§ **SUPPLIED RECORDS**
++++++

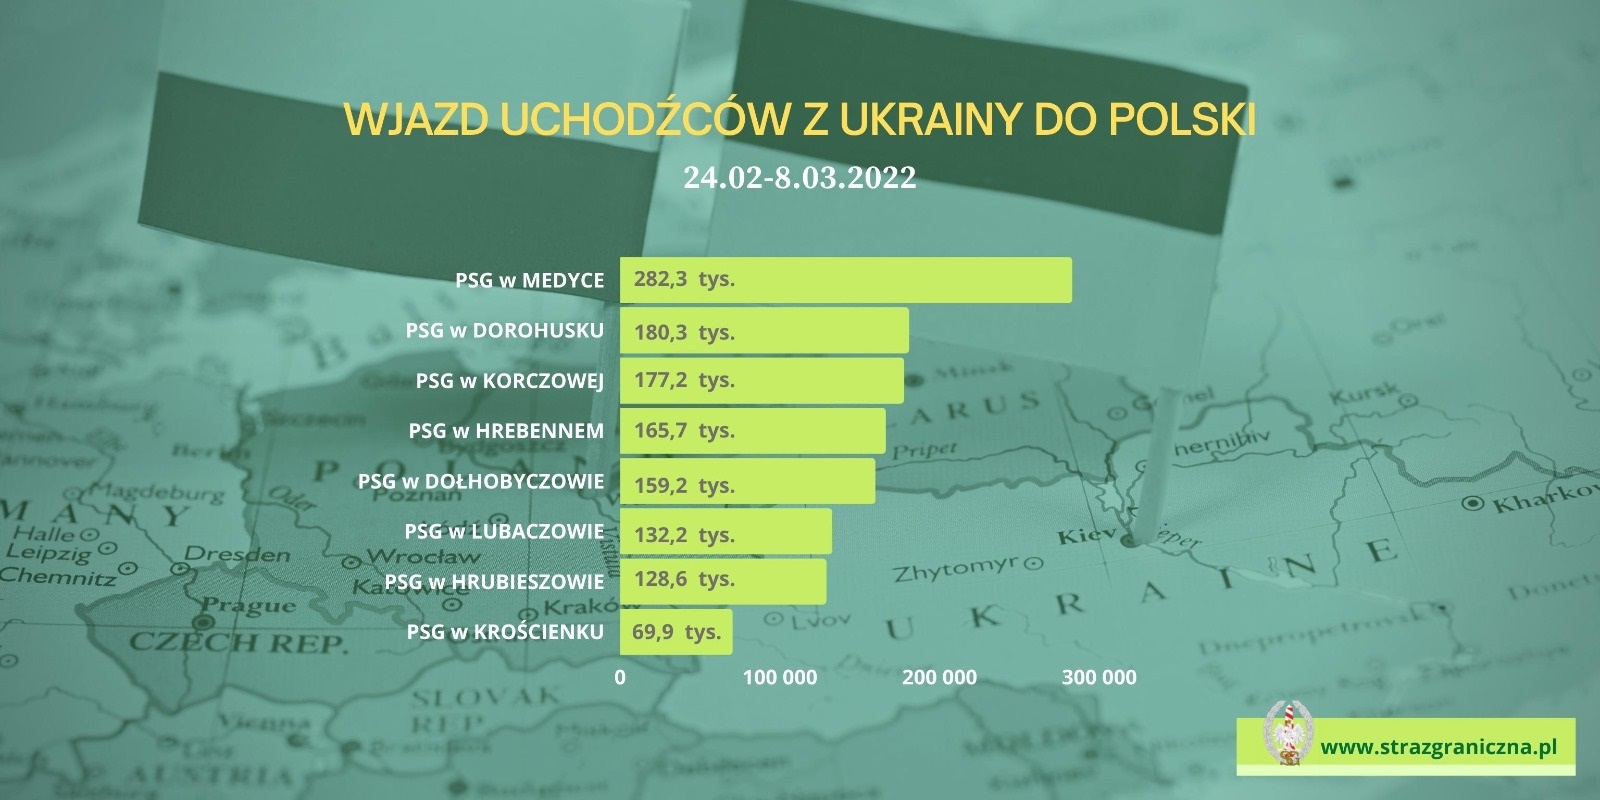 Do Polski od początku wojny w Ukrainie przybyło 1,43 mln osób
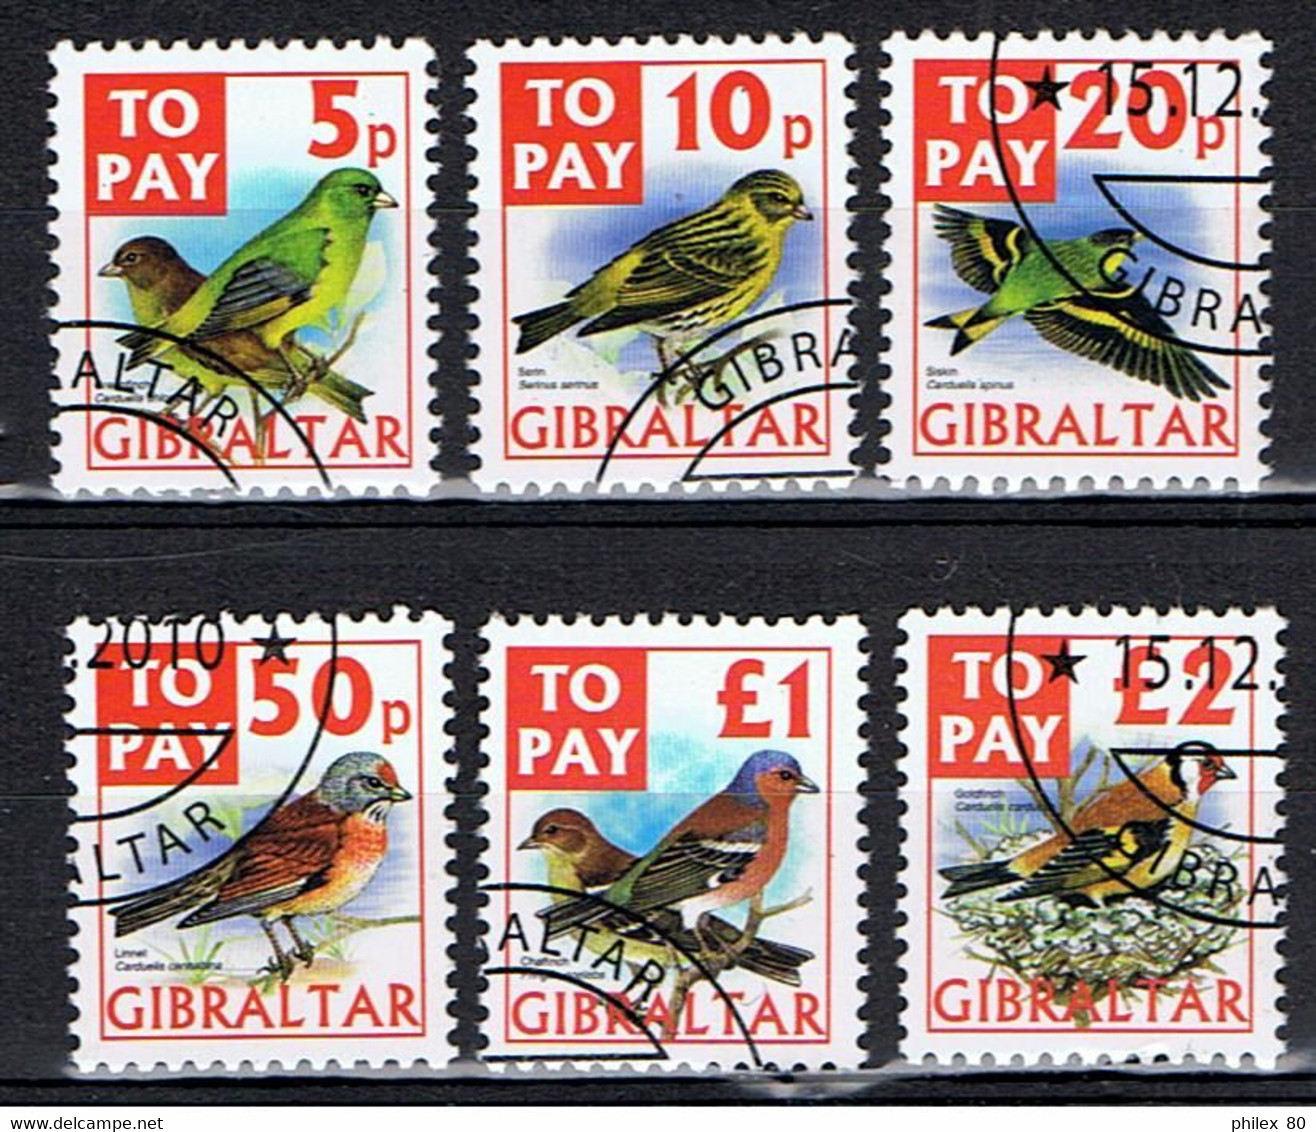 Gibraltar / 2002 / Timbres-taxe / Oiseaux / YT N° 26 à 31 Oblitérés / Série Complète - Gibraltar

++++++

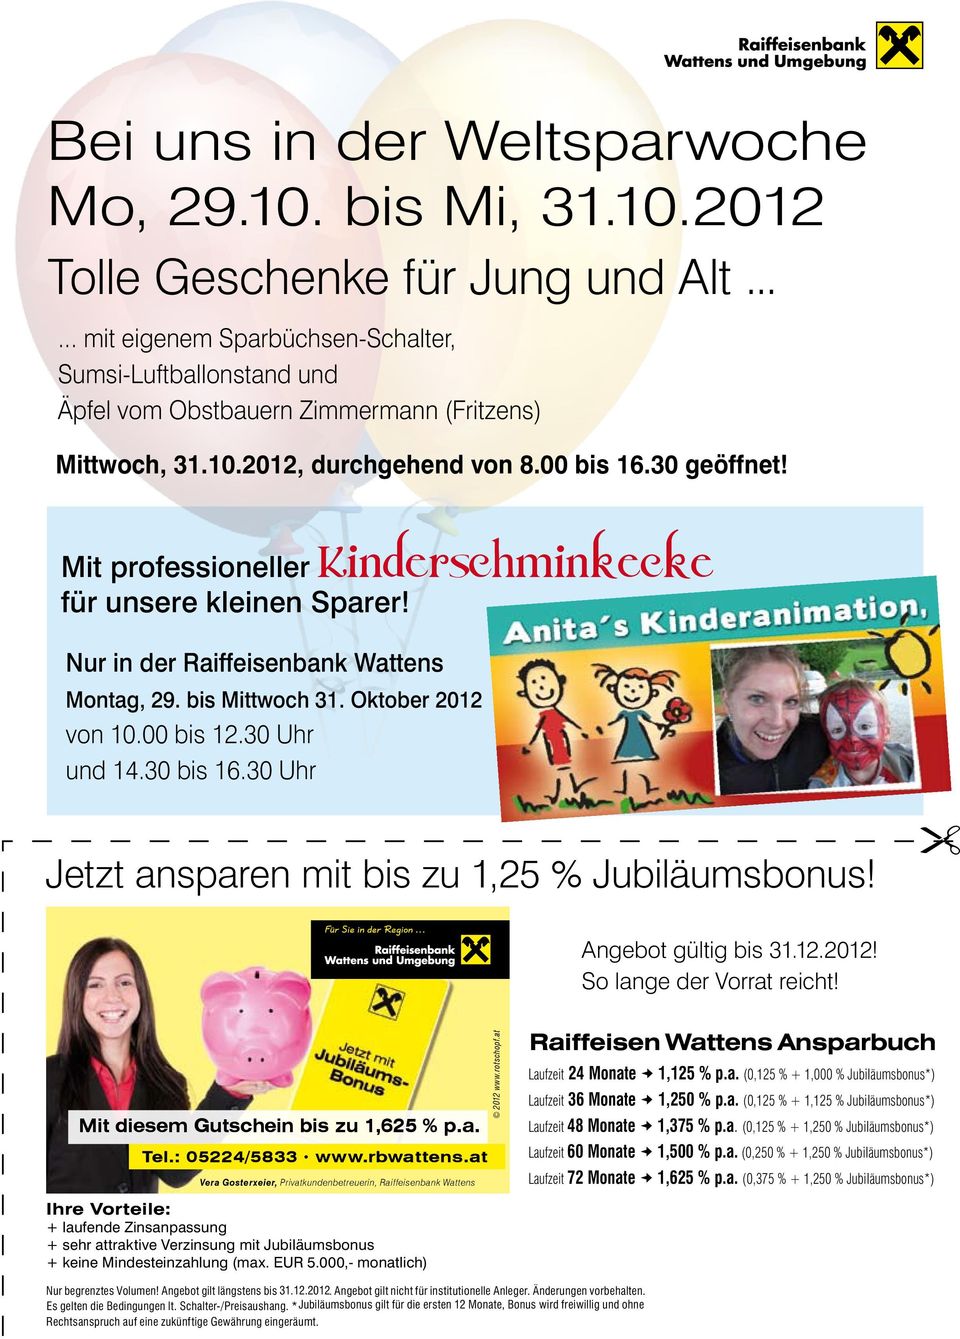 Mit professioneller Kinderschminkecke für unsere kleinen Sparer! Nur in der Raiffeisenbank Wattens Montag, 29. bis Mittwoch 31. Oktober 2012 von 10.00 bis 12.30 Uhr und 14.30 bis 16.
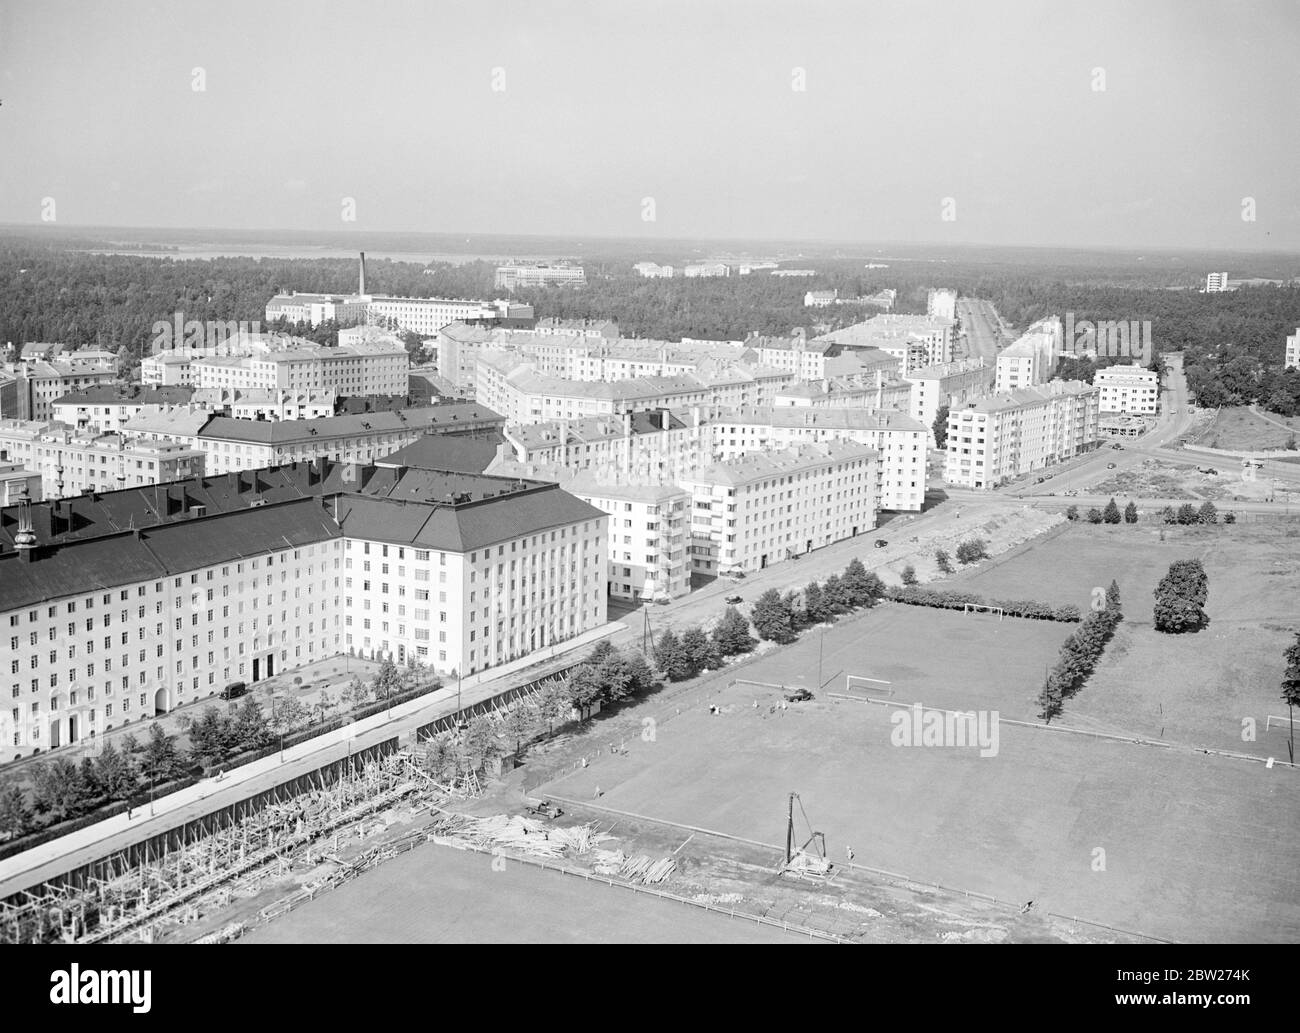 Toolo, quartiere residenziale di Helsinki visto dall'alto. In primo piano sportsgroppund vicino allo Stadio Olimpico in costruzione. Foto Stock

++++++

§ **DIRECTIONS FOR THIS TASK**
Look above for the line holding "Mit professioneller Kinderschminkecke" and output everything from it down to the line holding "Toolo, quartiere residenziale", both ends included, exactly and without images.

§ **COMPLETED TASK**
 Mit professioneller Kinderschminkecke für unsere kleinen Sparer! Nur in der Raiffeisenbank Wattens Montag, 29. bis Mittwoch 31. Oktober 2012 von 10.00 bis 12.30 Uhr und 14.30 bis 16.
 Toolo, quartiere residenziale di Helsinki visto dall'alto. In primo piano sportsgroppund vicino allo Stadio Olimpico in costruzione. Foto Stock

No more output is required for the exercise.